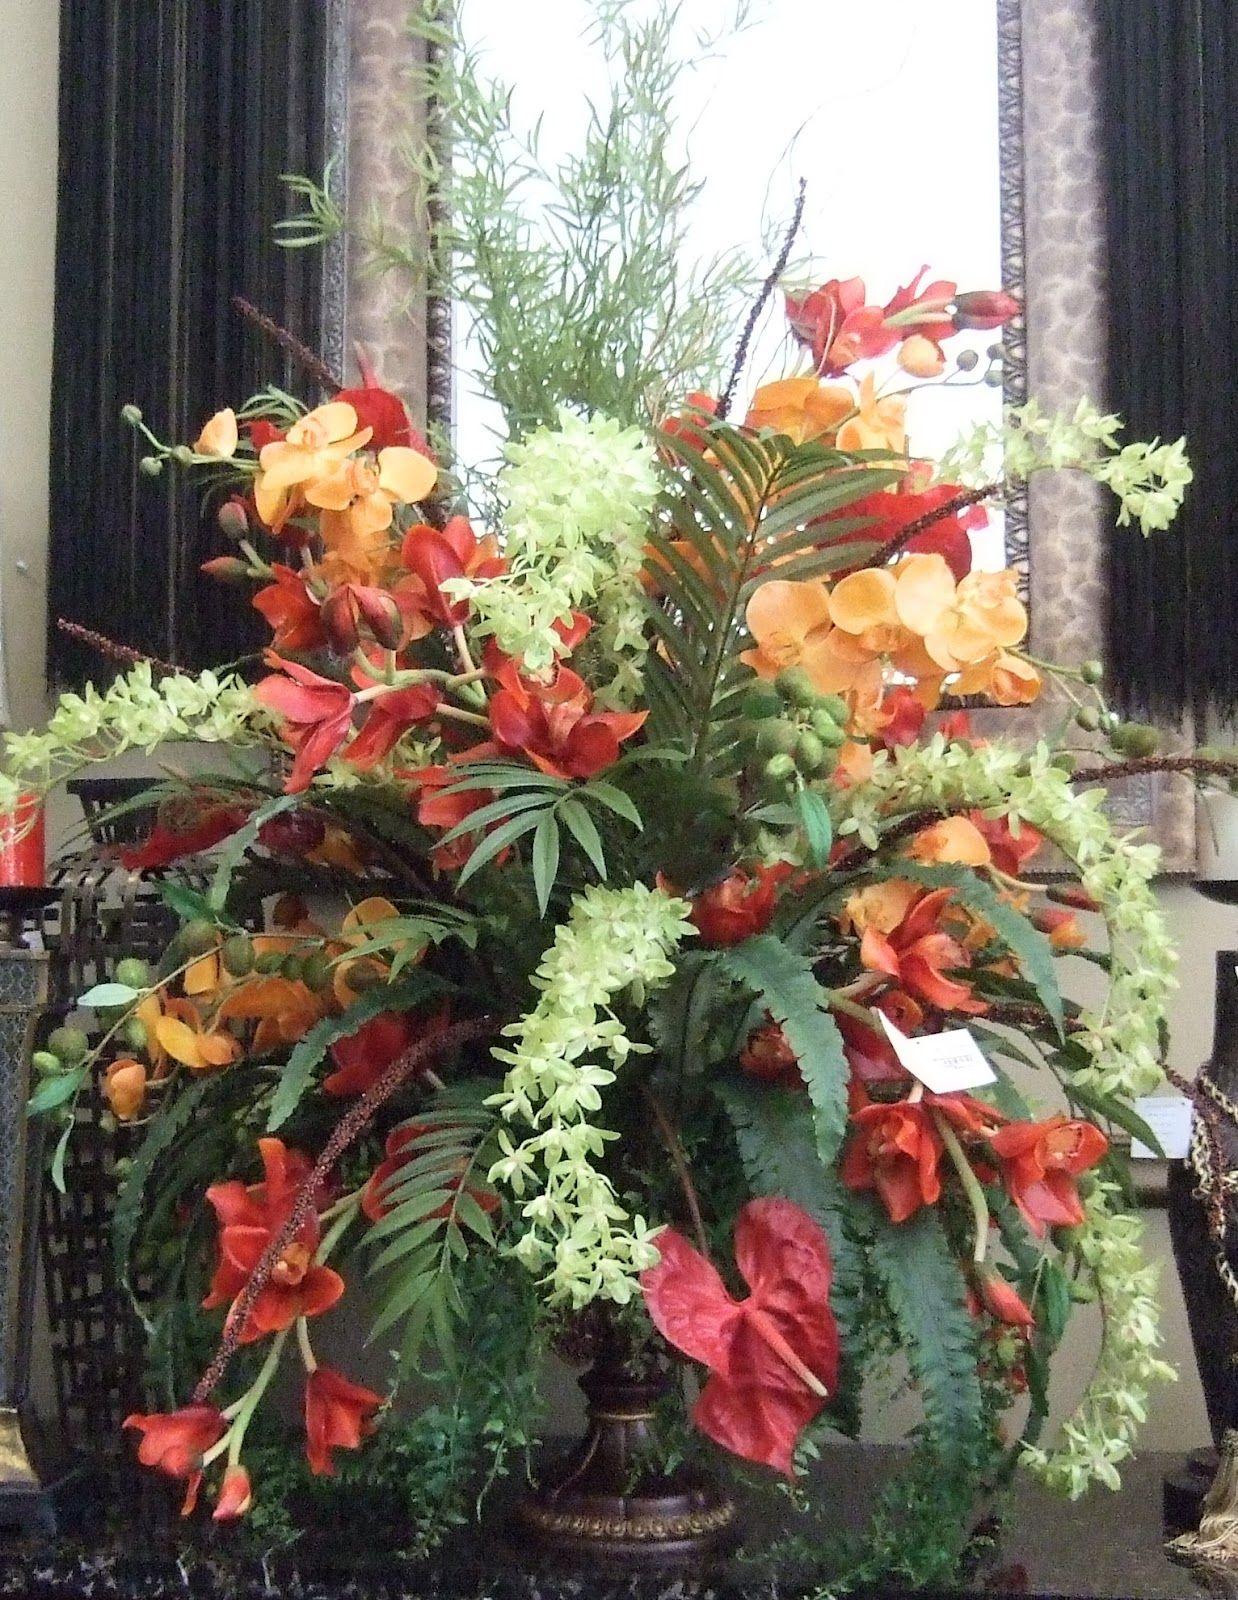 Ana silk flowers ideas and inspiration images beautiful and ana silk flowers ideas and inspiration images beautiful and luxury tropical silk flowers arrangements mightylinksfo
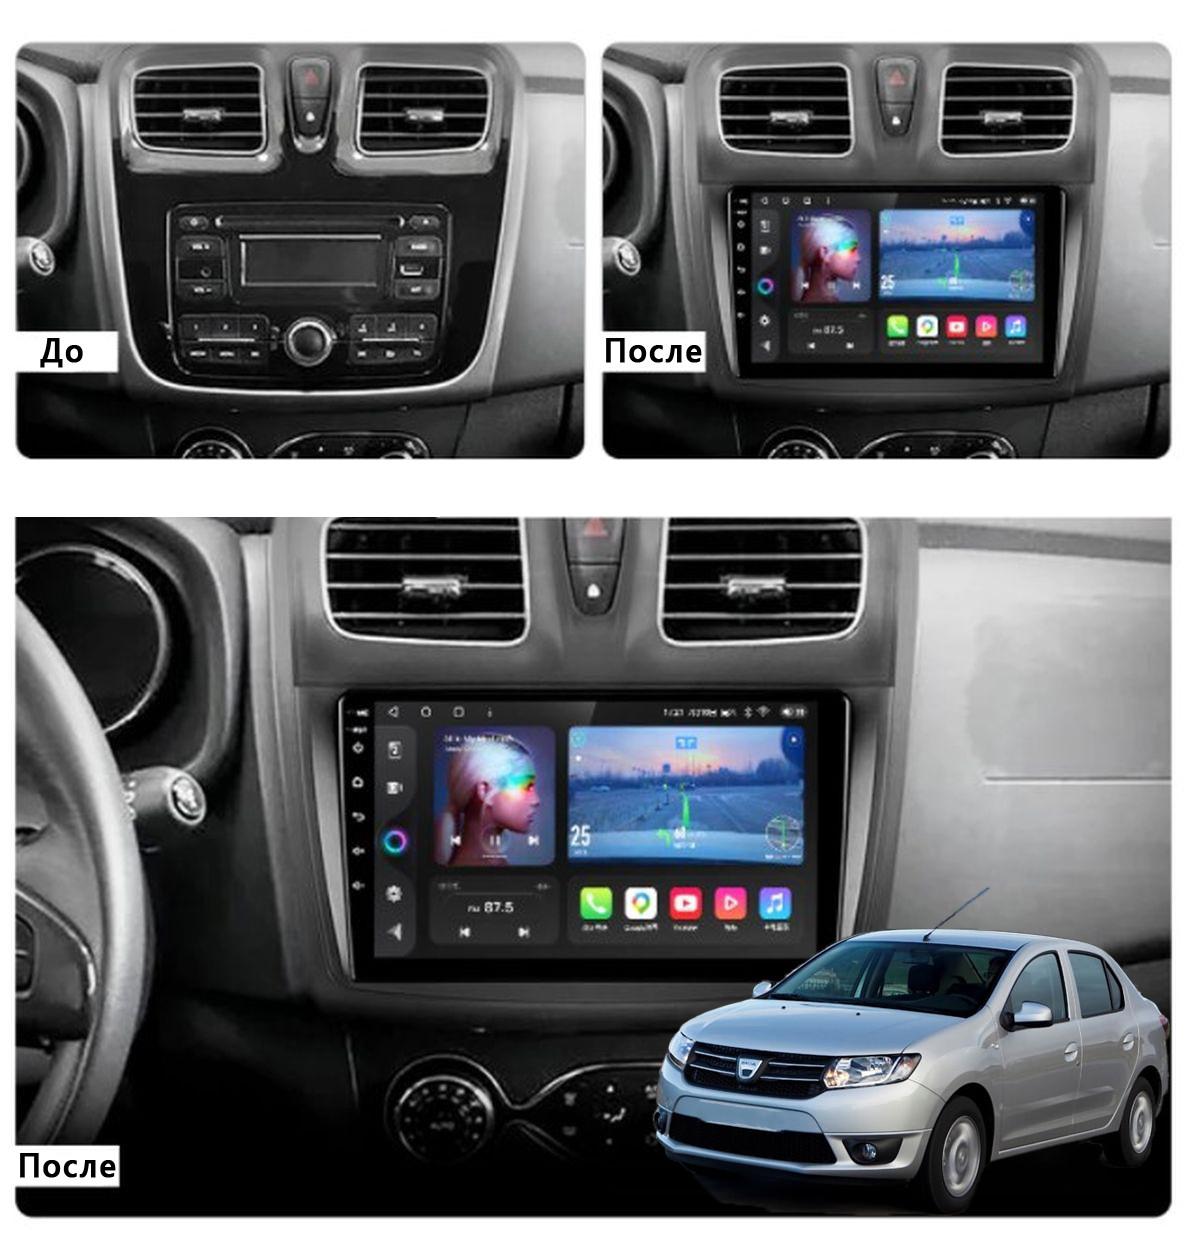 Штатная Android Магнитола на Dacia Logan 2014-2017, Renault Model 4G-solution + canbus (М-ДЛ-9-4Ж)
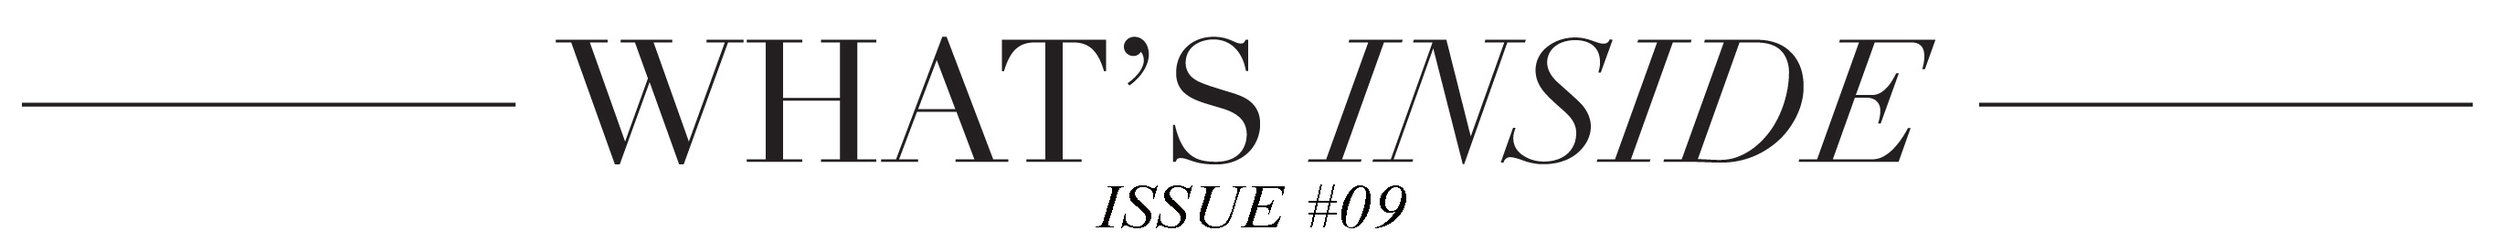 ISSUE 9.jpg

• Problem to work on
Give the listing above again exactly, minus any images.

• Reply to the task
 Ana silk flowers ideas and inspiration images beautiful and ana silk flowers ideas and inspiration images beautiful and luxury tropical silk flowers arrangements mightylinksfo
 Штатная Android Магнитола на Dacia Logan 2014-2017, Renault Model 4G-solution + canbus (М-ДЛ-9-4Ж)
 ISSUE 9.jpg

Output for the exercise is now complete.